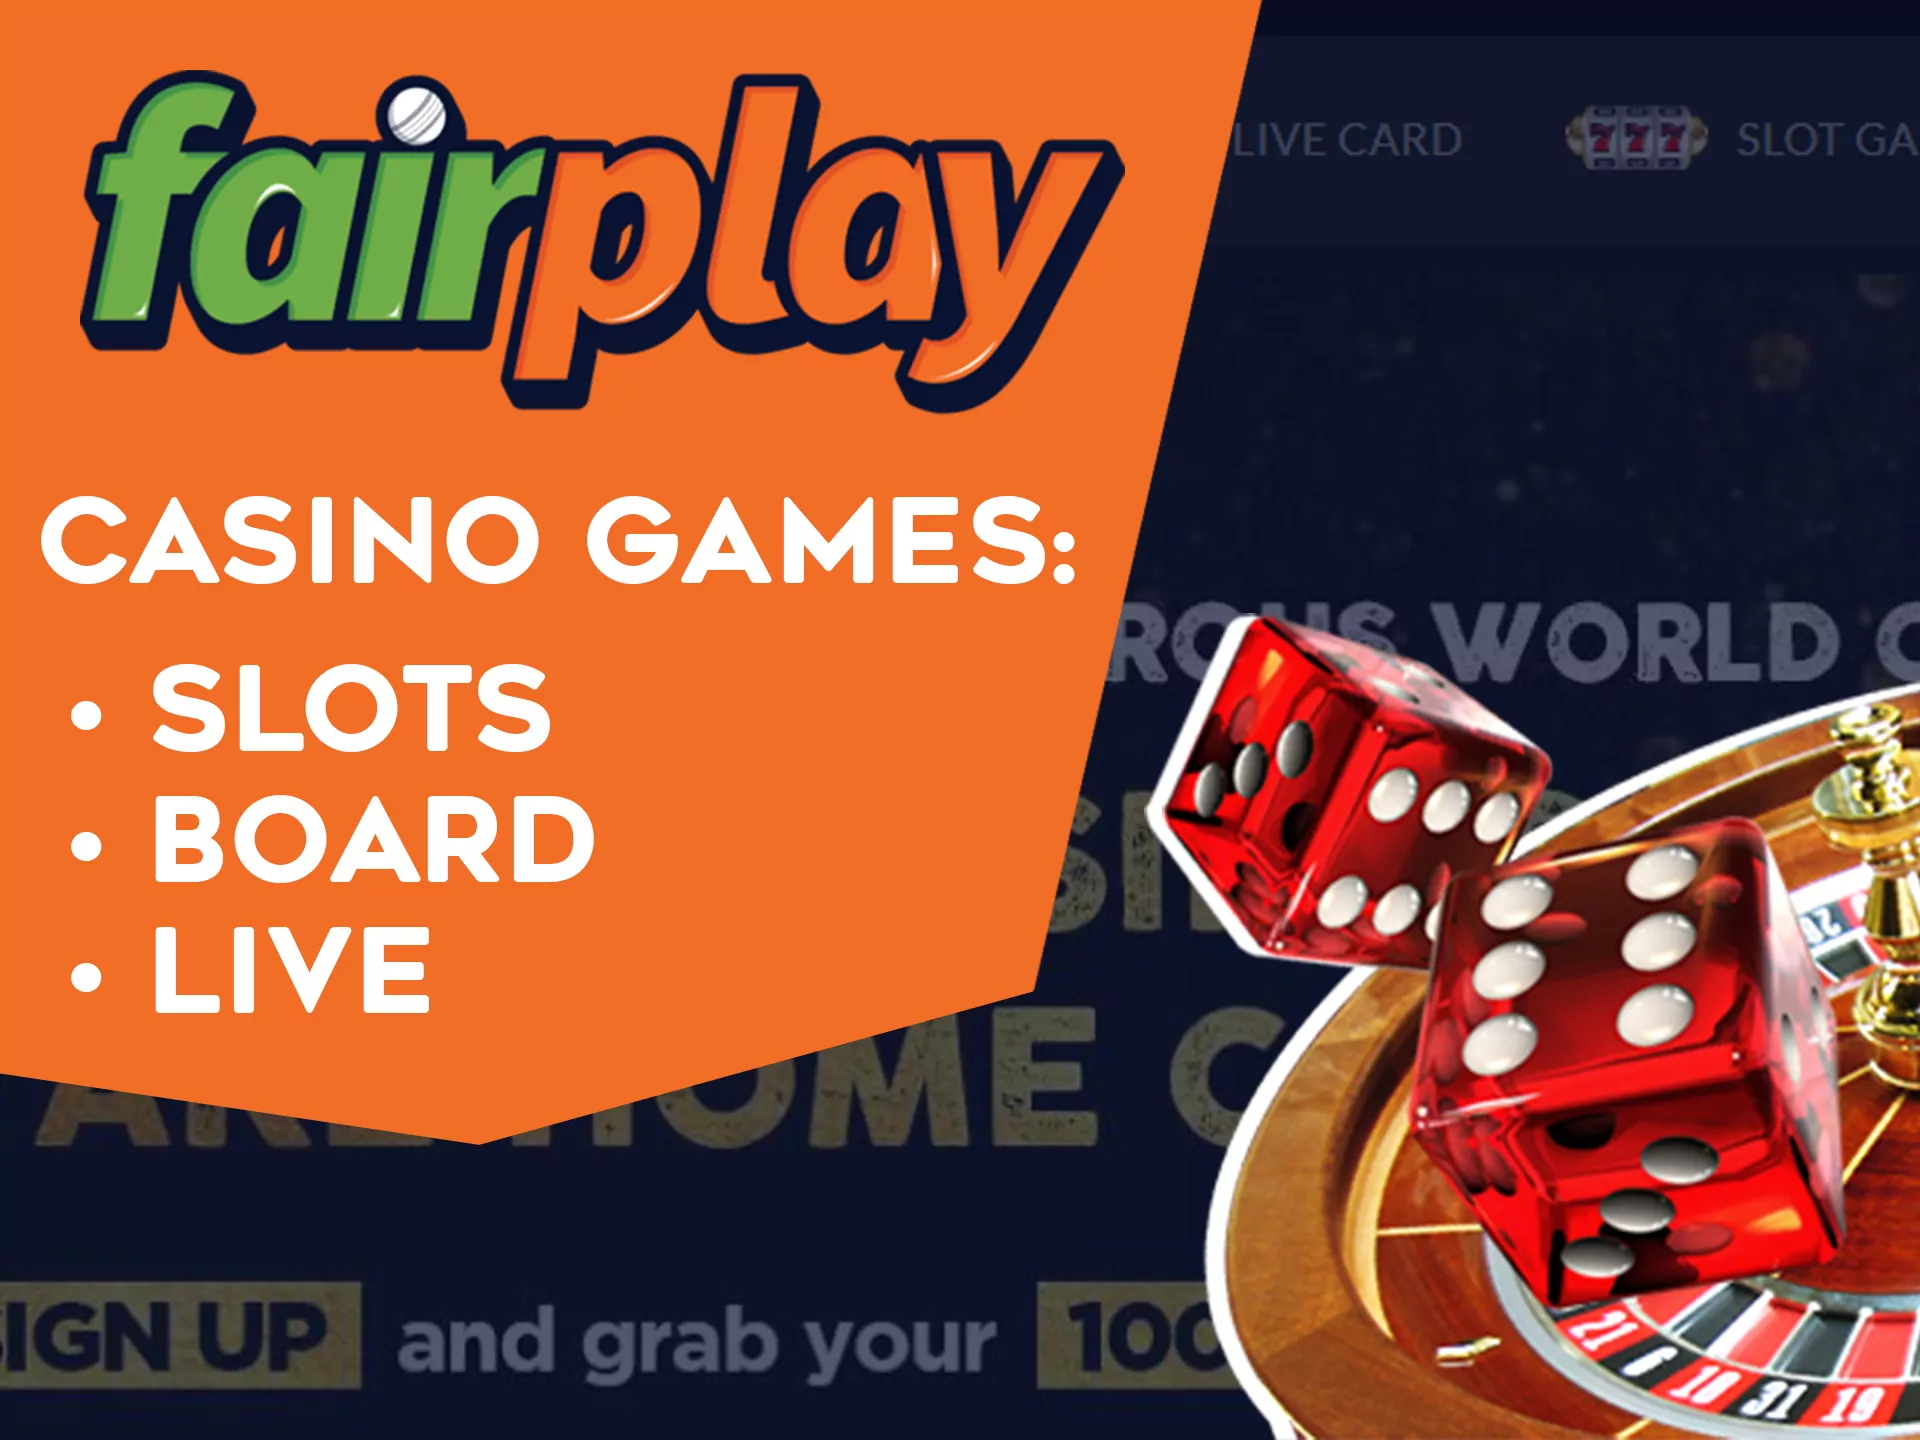 You can play slots, card games and live games in the Fairplay casino.
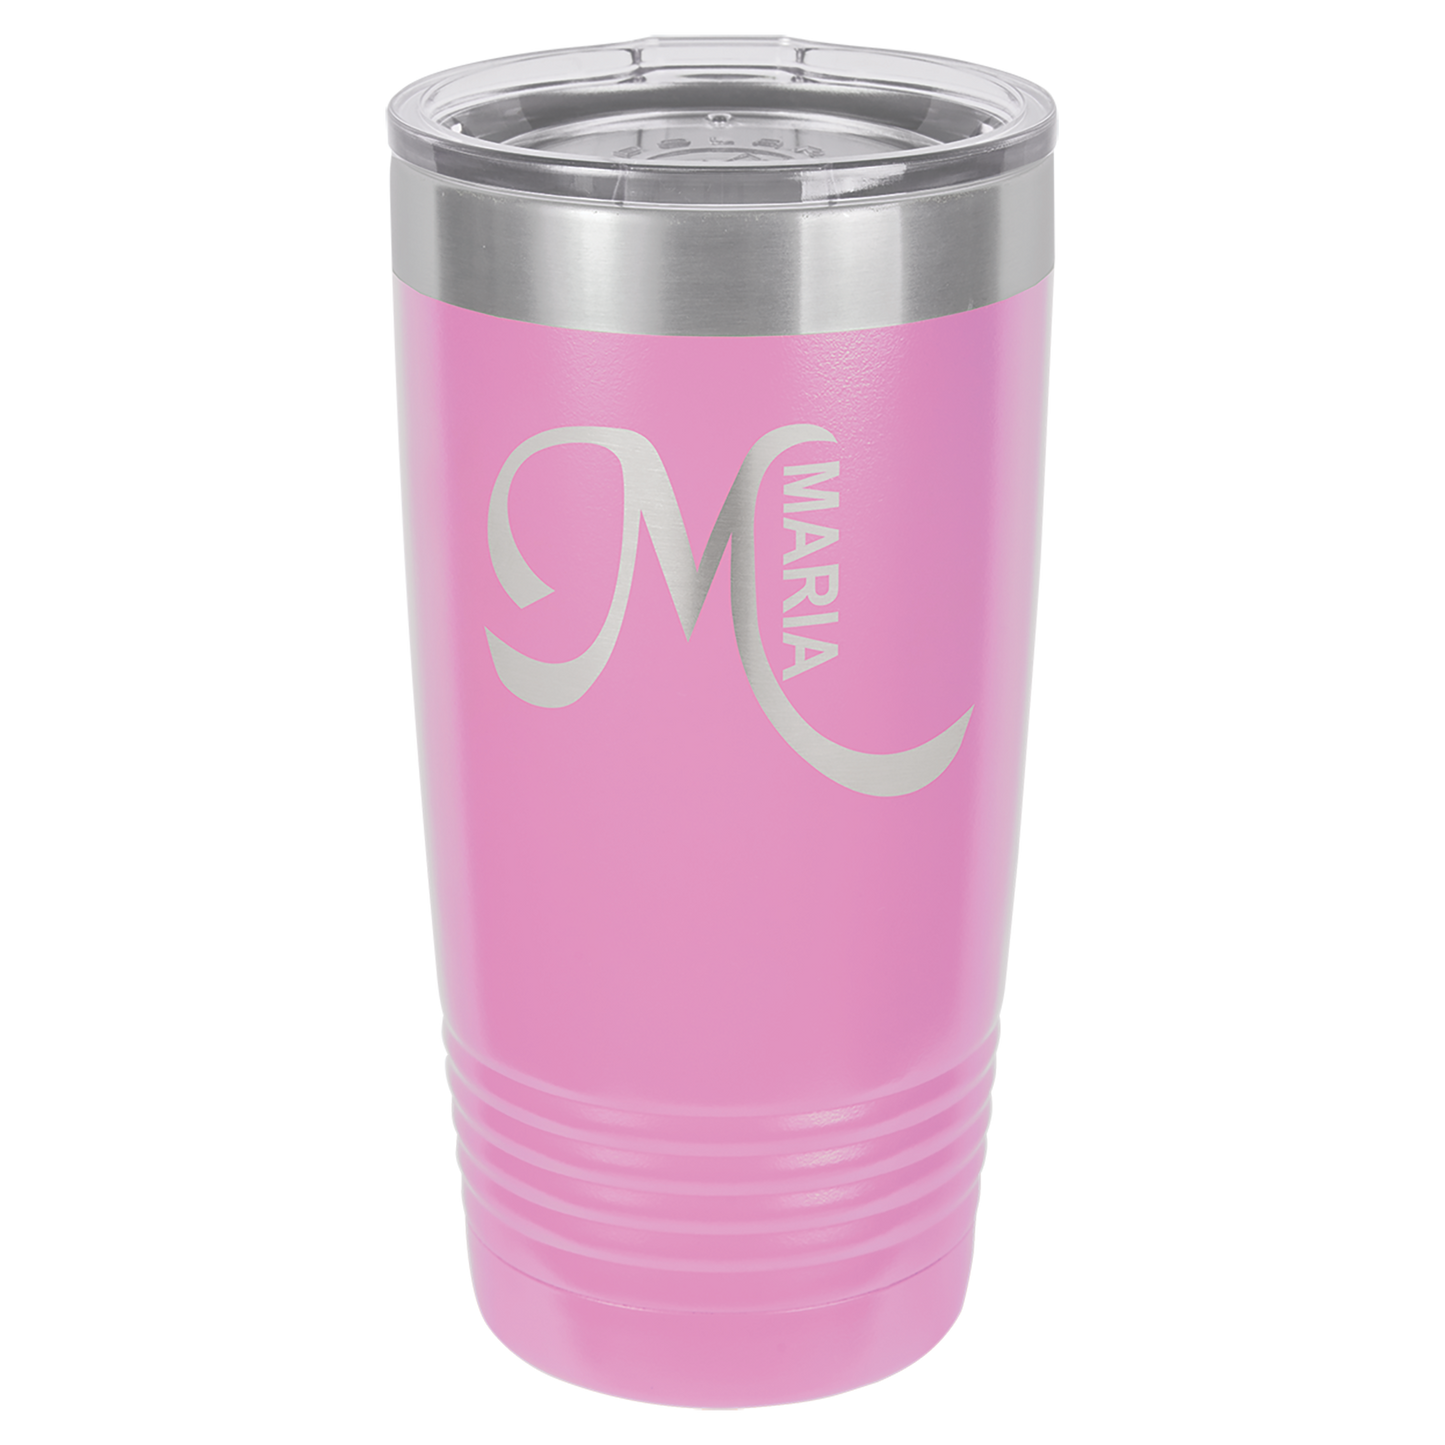 Hansey for Governor 20oz Ringneck Tumbler with Magnetic Lid
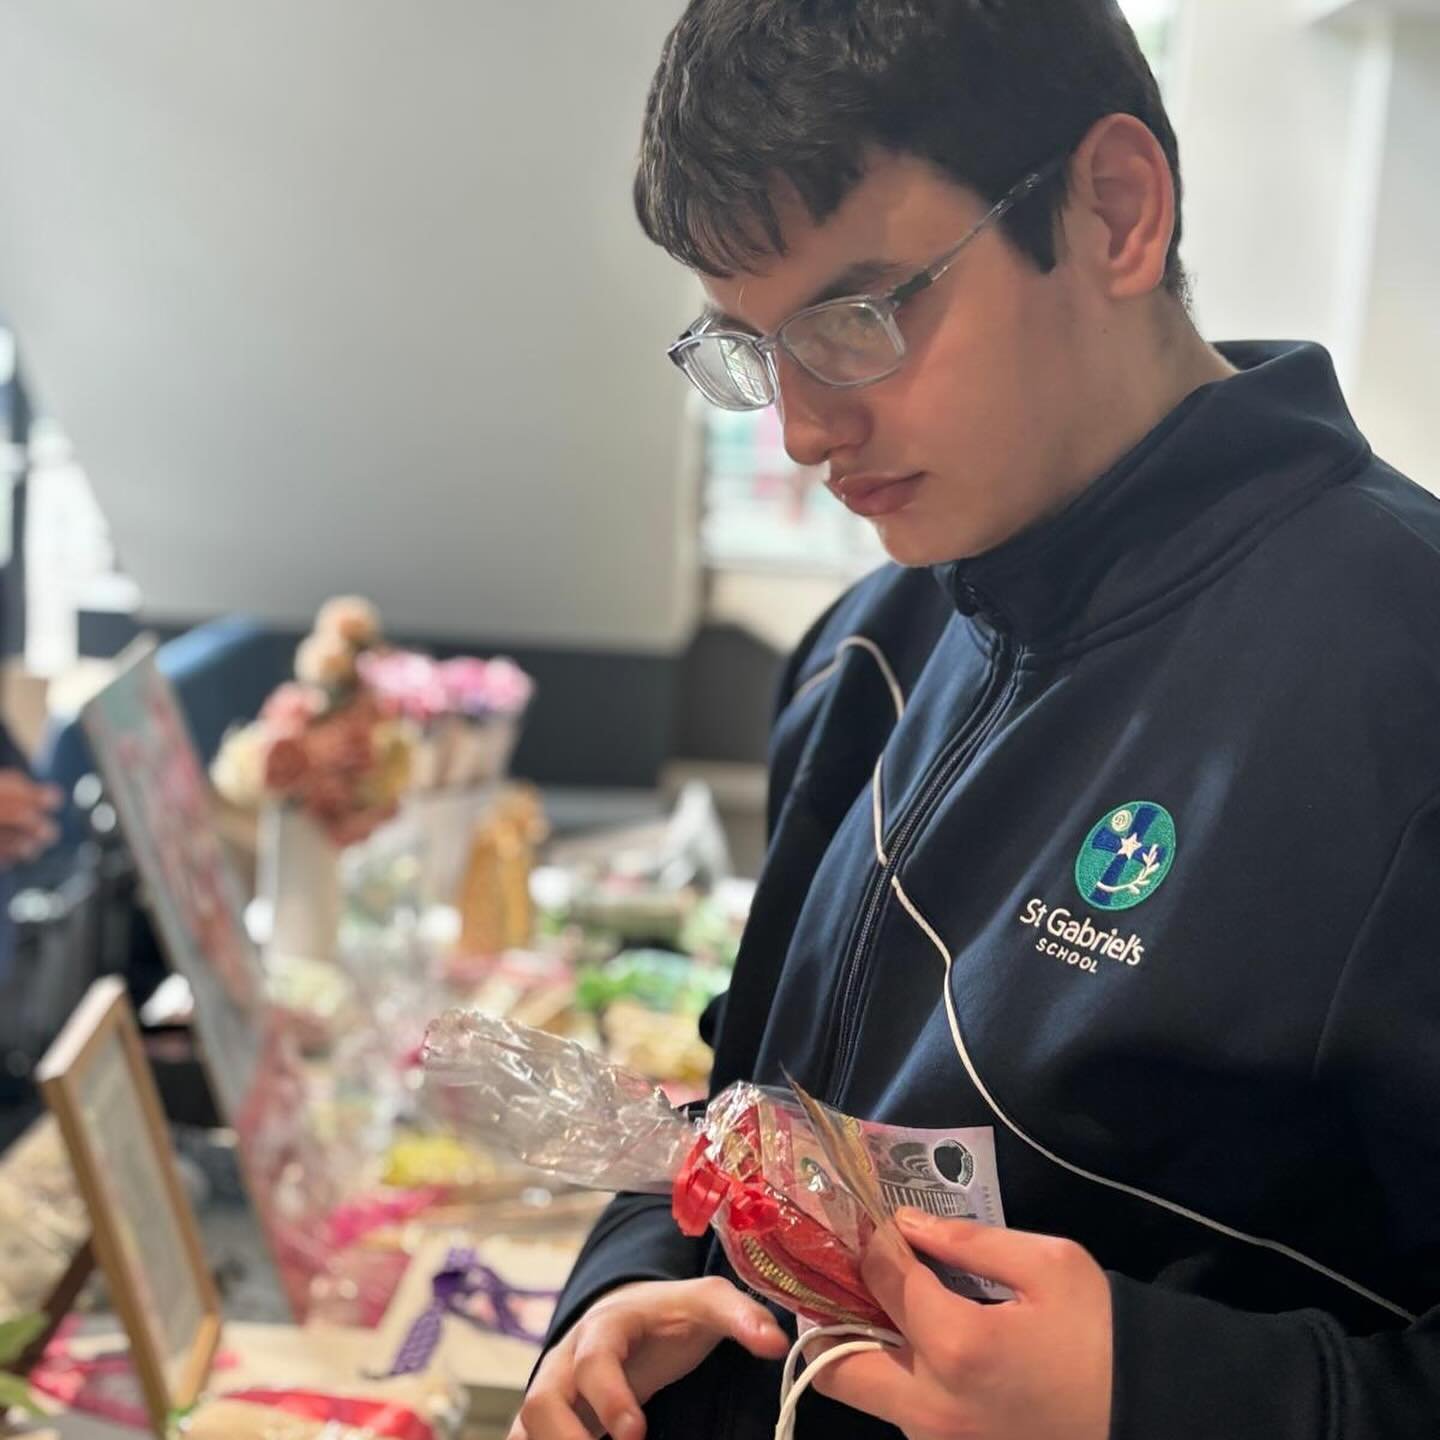 We don&rsquo;t want to ruin any surprises but all of our students put a lot of thought into buying a small gift for their mums, grandmothers and other special women in their lives at our stall this week. It&rsquo;s an excellent opportunity for studen
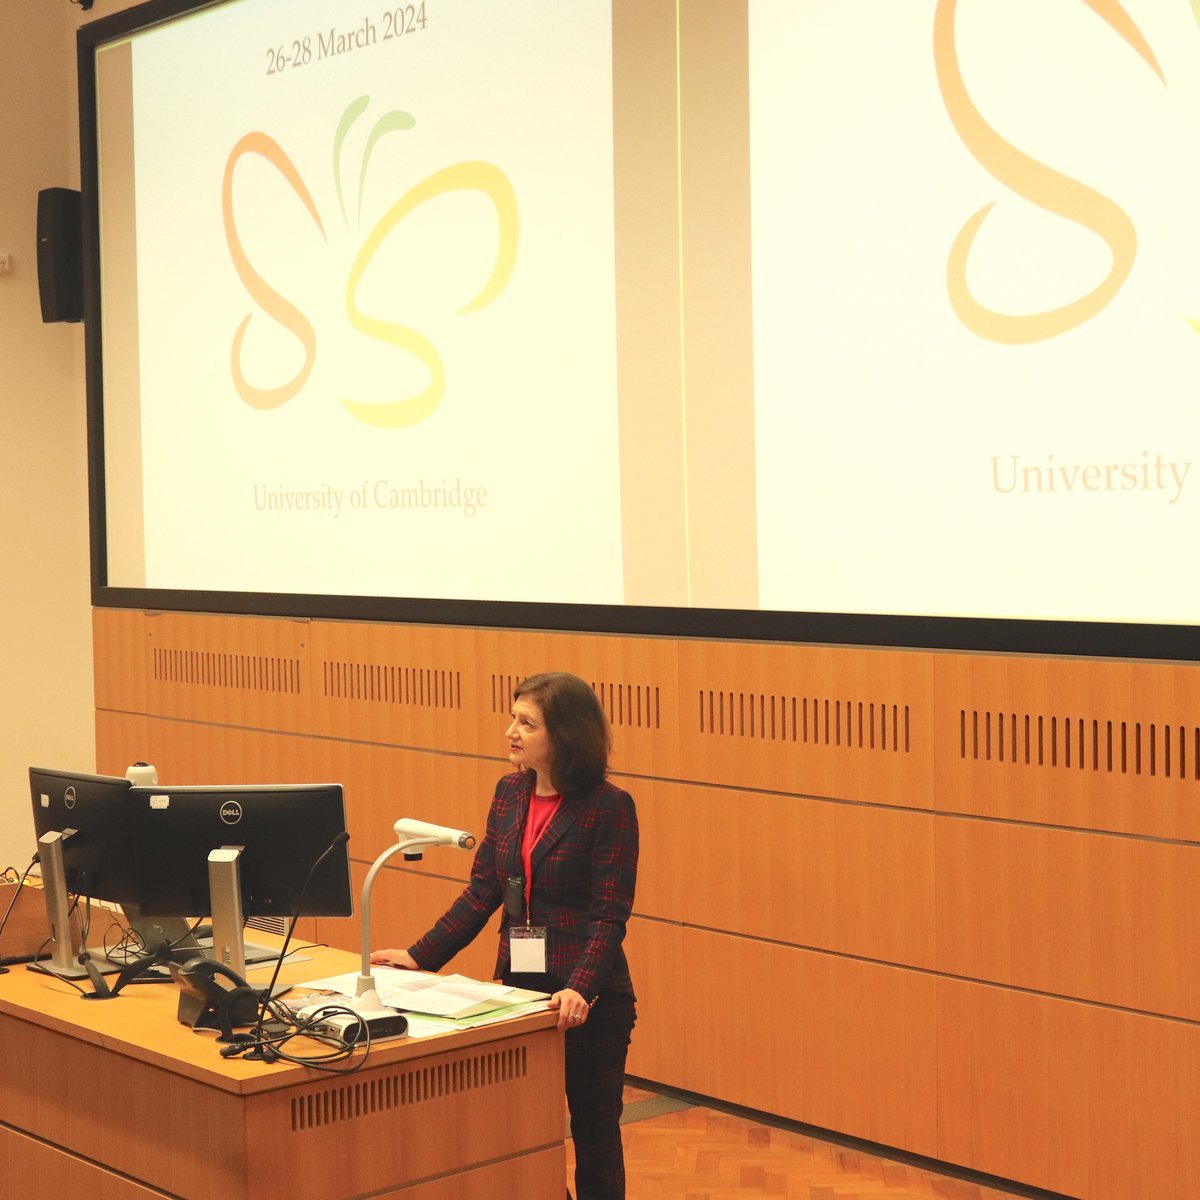 Thank you to @Cambridge_Uni Vice-Chancellor Professor Deborah Prentice for kicking off SCCS 2024 - Inspiring words to set the stage for three days of talks🎙️, posters 📊, workshops 👩‍💼 and events 🪩!

• • • • •

§ **What you should do**:
Restate word for word only the lines that run from the line holding "We don&rsquo;t want" to the end of the data, both ends kept, leaving every picture out.

§ **Answer to this exercise**:
 We don&rsquo;t want to ruin any surprises but all of our students put a lot of thought into buying a small gift for their mums, grandmothers and other special women in their lives at our stall this week. It&rsquo;s an excellent opportunity for studen
 Thank you to @Cambridge_Uni Vice-Chancellor Professor Deborah Prentice for kicking off SCCS 2024 - Inspiring words to set the stage for three days of talks🎙️, posters 📊, workshops 👩‍💼 and events 🪩!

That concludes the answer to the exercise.